According to a report from the OECD (Organization of Economic Cooperation and Development, “a forum of countries committed to democracy and the market economy”) and its Draft Agenda on the Steering and Funding of Research Institutions, “…overall the supply of graduates in science and technology continues to rise, although a few countries have seen a decline in specific fields such as chemistry and physics. Furthermore, there is little evidence of strong upward pressure in wages for science and technology professionals (gee, could outsourcing have anything to do with that? MF). In fact, poor career prospects in the scientific occupations are often cited as one of the main reasons behind the decline in scientific studies among young people. (italics mine).”
In other words, Mr. Market has spoken, and unless you’re a trader or executive at a Too Big to Fail Bank, or are starting a charter school, he’s going to pay you less, no matter what your educational achievement.

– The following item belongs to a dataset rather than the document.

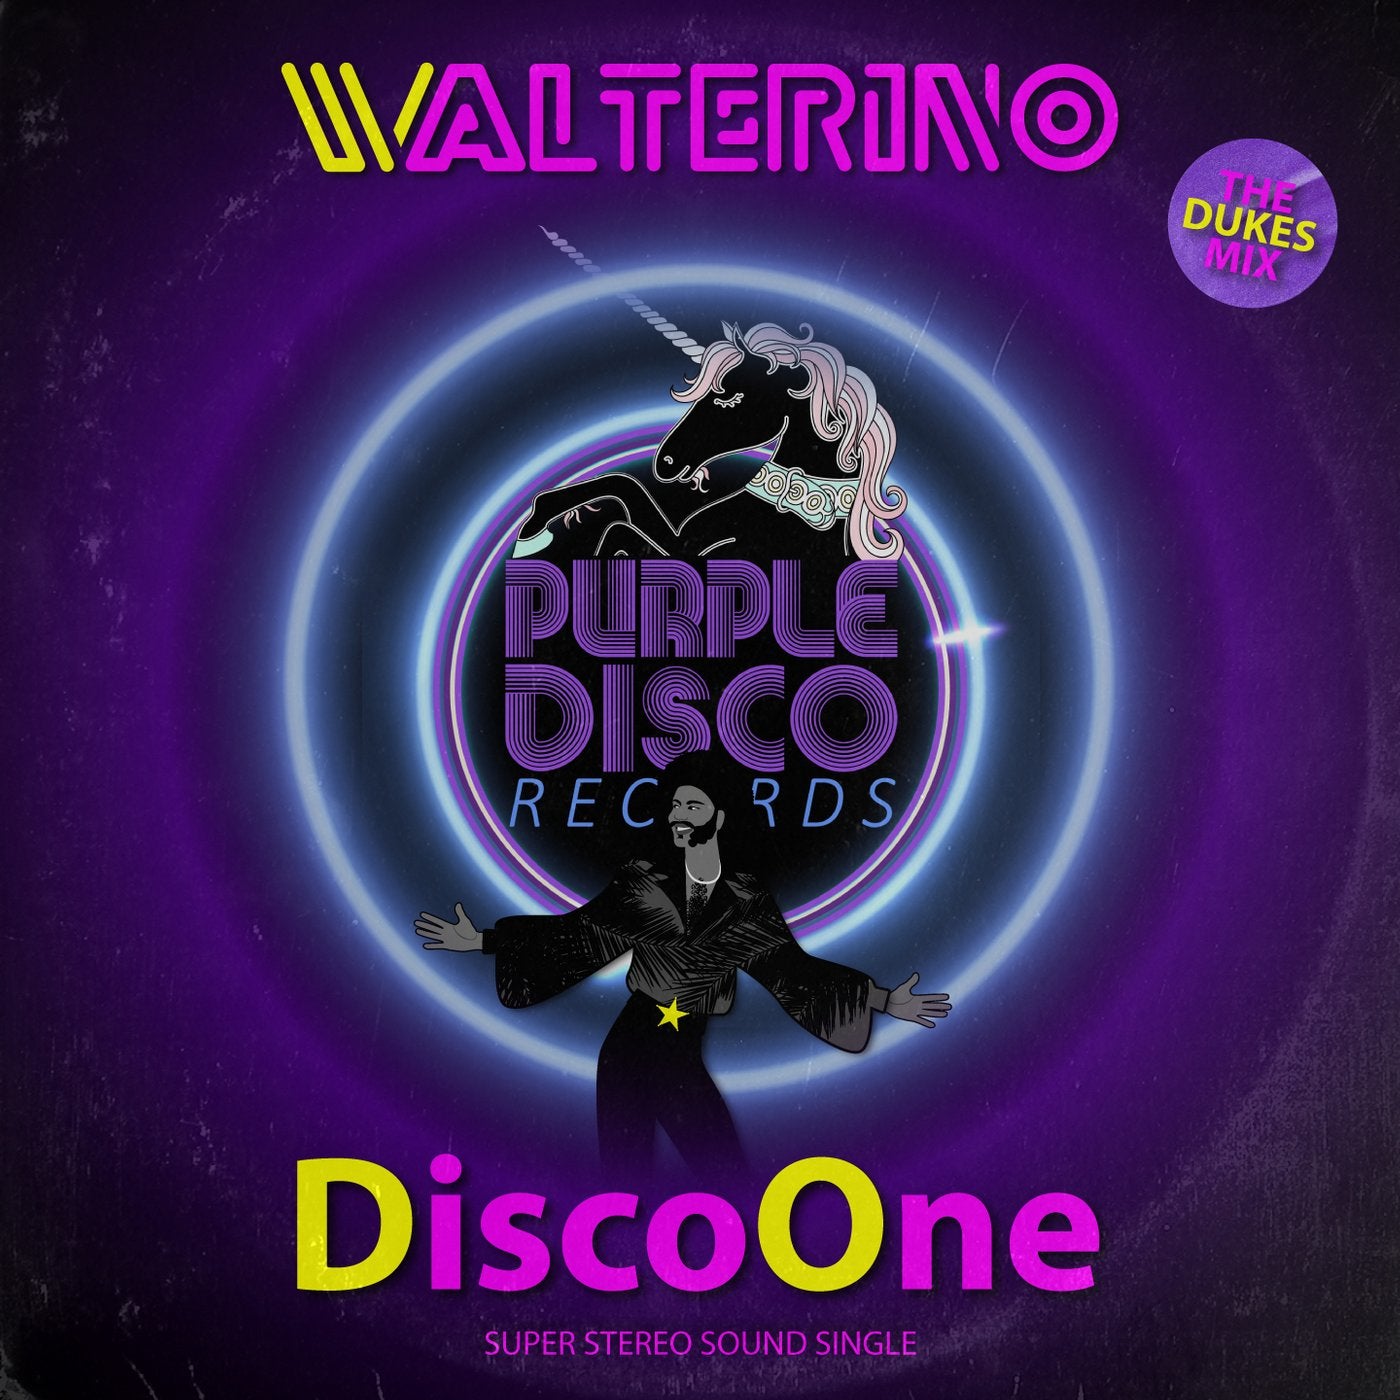 DiscoOne

What’s the point of all this for teachers and supporters of public education? It’s that one of the major themes in the dominant narrative about education in the US, that (unionized) teachers (with due process and seniority rights, and pension and health benefits) are failing to prepare students for a future bright with unlimited prospects, prospects they would achieve if only their deadbeat teachers didn’t stand in the way, is straight-out false.
The reality is that, the prospects for the overwhelming majority of young people are being foreclosed upon by those who control investment, and who see their continued prosperity as depending on the enlargement of a weak, transient, low-paid, low-skilled service workforce, to include teachers, whose every move is determined and electronically overseen by management.
The interests of those controlling investment, and those controlling the debate about education, have decoupled from those who perform the work of society, and they are propagating these falsehoods in order to extend their control and enrich themselves by taking over the public schools.